We live in a world where data is king, and our computers get more powerful daily. But are we using them to their full potential?

Traditional ways of organising code and running applications are great, but they are starting to feel like old-school methods when compared to what modern technology can offer. As always, we can do much better than just splitting data and tasks! Think about it: today’s systems pack processing power, but our algorithms often struggle to leverage that potential fully.

We need to rethink how we build and run applications to unlock the awesome capabilities of modern computing.

For instance, let’s look at how traditional division of resources may use them to run different applications or workflows:

Diagram, where the Storage Cluster (on the top) has nodes with storage resources and the Computing Cluster (on the bottom) has nodes with computational resources.
The dataset goes to the Storage Cluster, while the algorithm (the application/workflow) goes to the computing cluster. There is communication between both clusters.

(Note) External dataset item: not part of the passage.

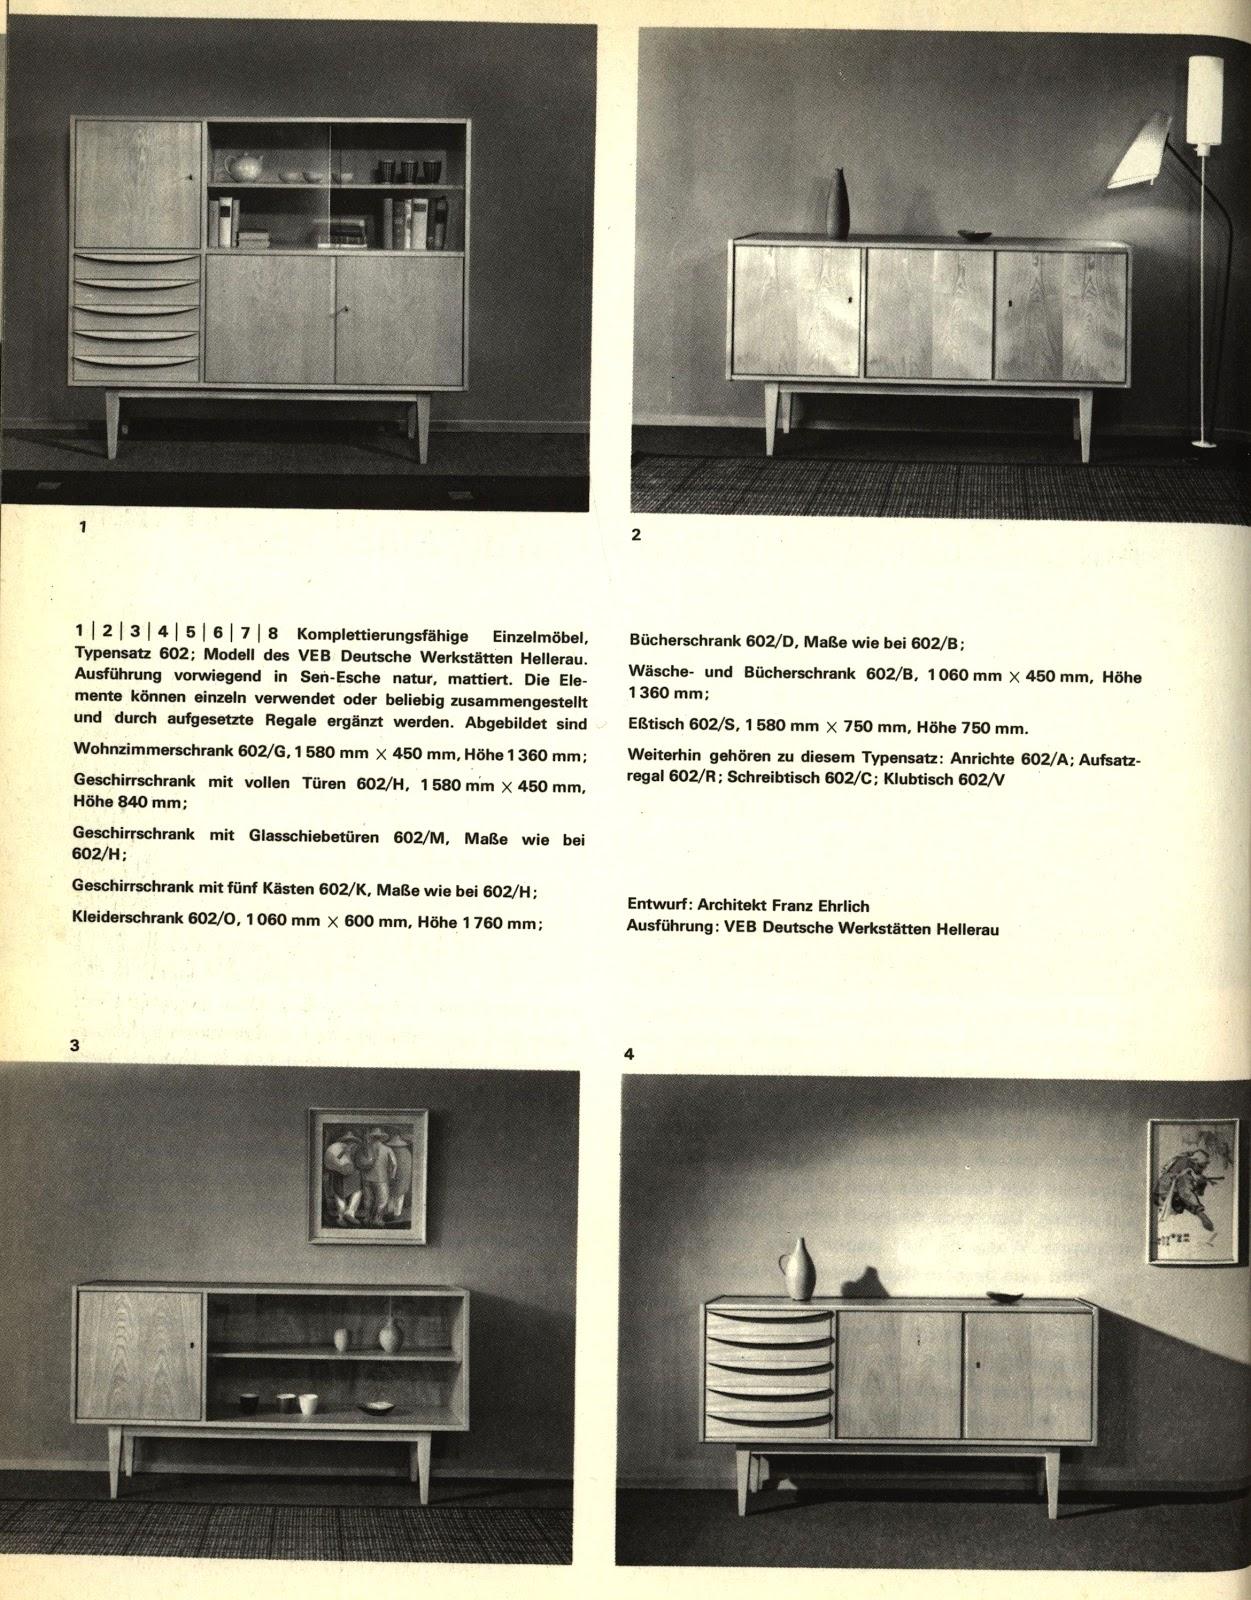 xxl m bel leipzig wohn design. Black Bedroom Furniture Sets. Home Design Ideas
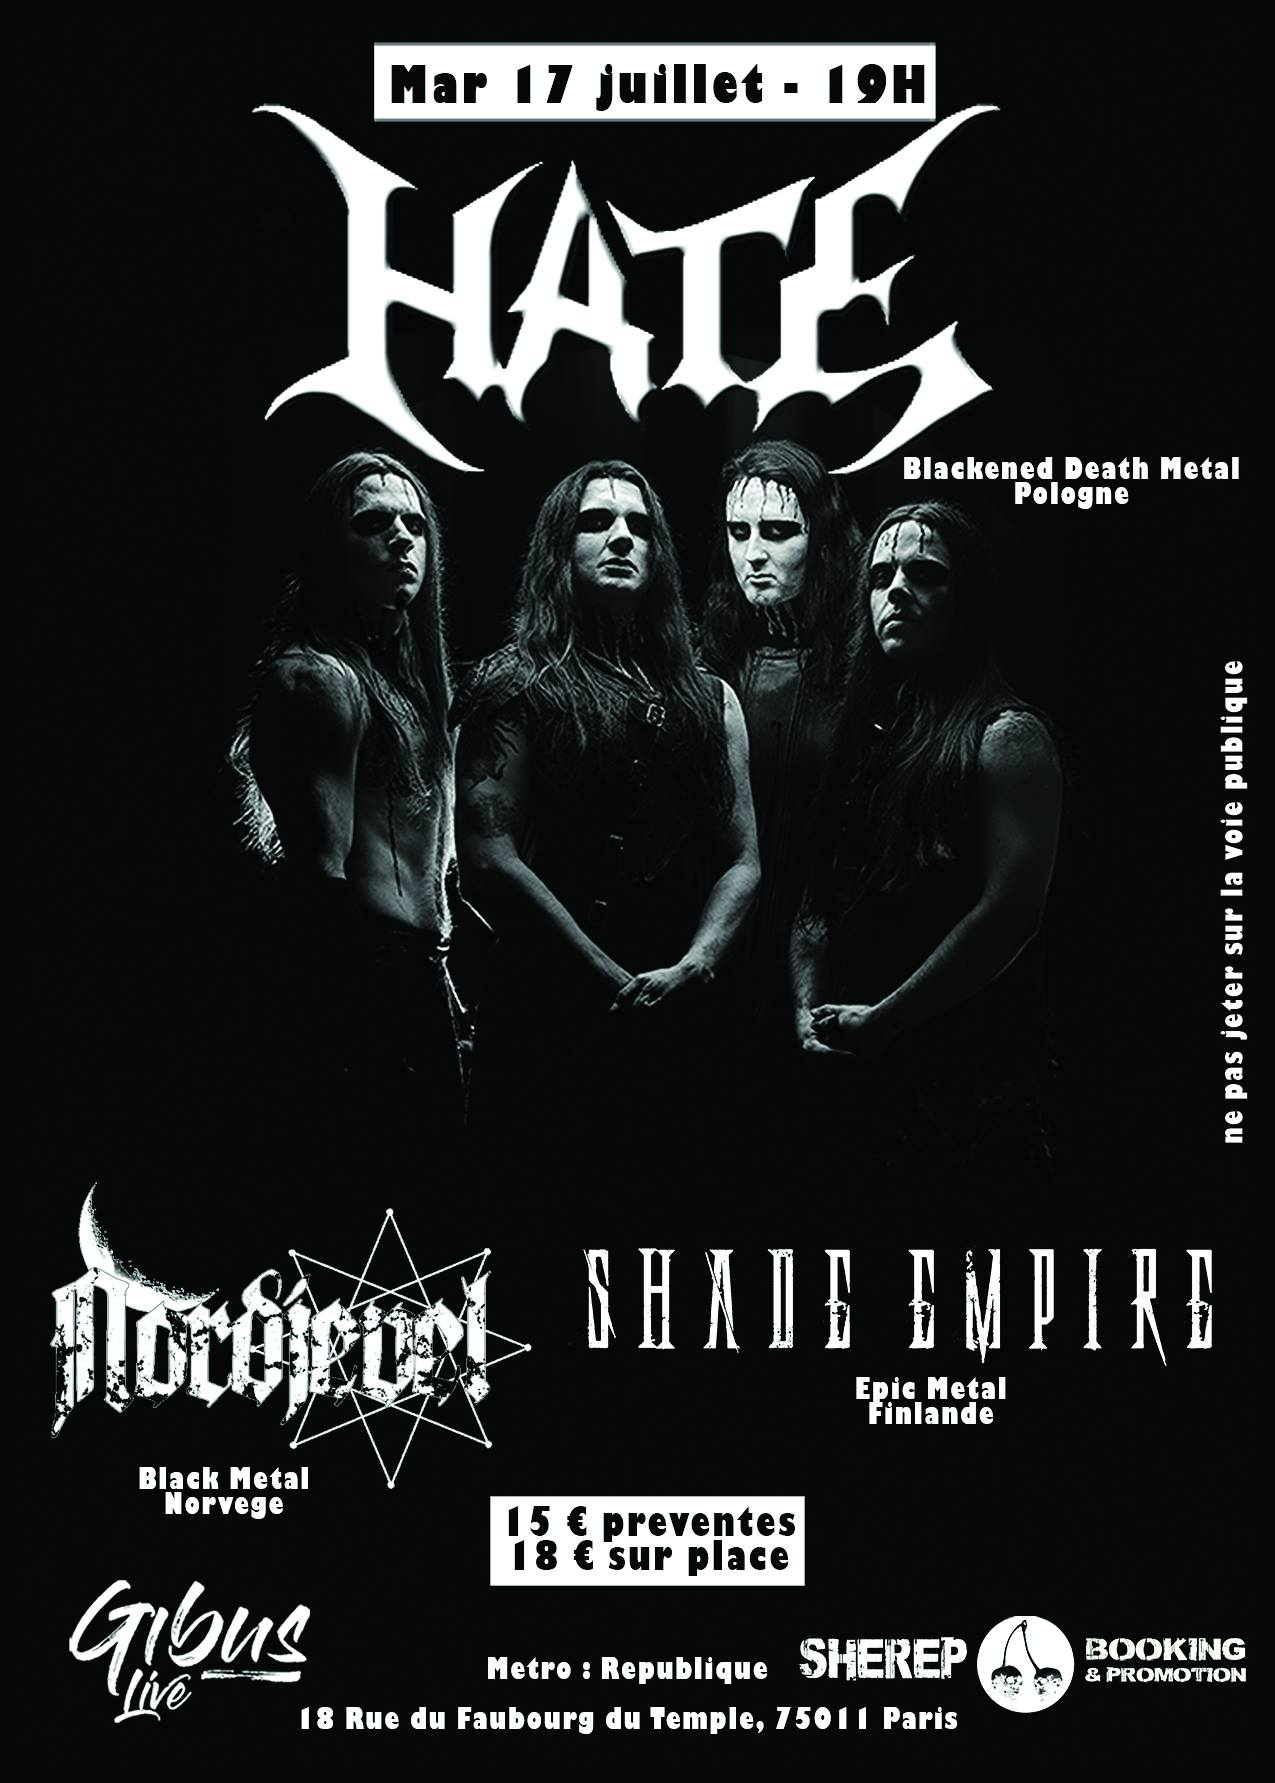 Hate / Shade Empire / Nordjevel – Paris

As we can see, all the application data would be persisted in a storage cluster (or a storage system). In this storage cluster, we would have the structures the application requires in their persistent representation (e.g., binary objects, database, etc.).

To run any workload, we would run that application in the computing cluster, where most computation resources are. During the execution, the application would retrieve data from the storage cluster. Some frameworks can help manage the lifecycle of all the data, and we can see the relevance of Data Management for complex workflows. Still, even while cost-effective, a storage cluster results in additional latencies and bandwidth bottlenecks. We may be being dramatic, but this configuration is dragging us down.

We propose bringing the computing and storage resources closer and letting data reside next to the computation resources that will be used. This is shown in the following Diagram:

Diagram with a single cluster with its nodes having storage and computing resources. This cluster receives both the application and its data.

When data is moved closer to computation, performance increases, and resource utilization improves. This idea is not new, but the proposed architecture allows for achieving this goal with a simple programming model and a very low entry barrier for domain experts by leveraging the integration of dataClay and COMPSs. These tools belong to the BSC software catalogue and are available as open-source projects at https://compss.bsc.es and https://dataclay.bsc.es. They have been extensively used in various use cases exploiting efficiently distributed and HPC environments. They have demonstrated to be a perfect combination for running CyclOps workloads.

The future landscape

As data continues to grow exponentially, the importance of these technologies will only increase.

By embracing parallel processing, workflow automation, advanced data management practices, and collaborative data spaces, organizations can unlock new insights, accelerate innovation, and gain a competitive edge in the ever-evolving digital world.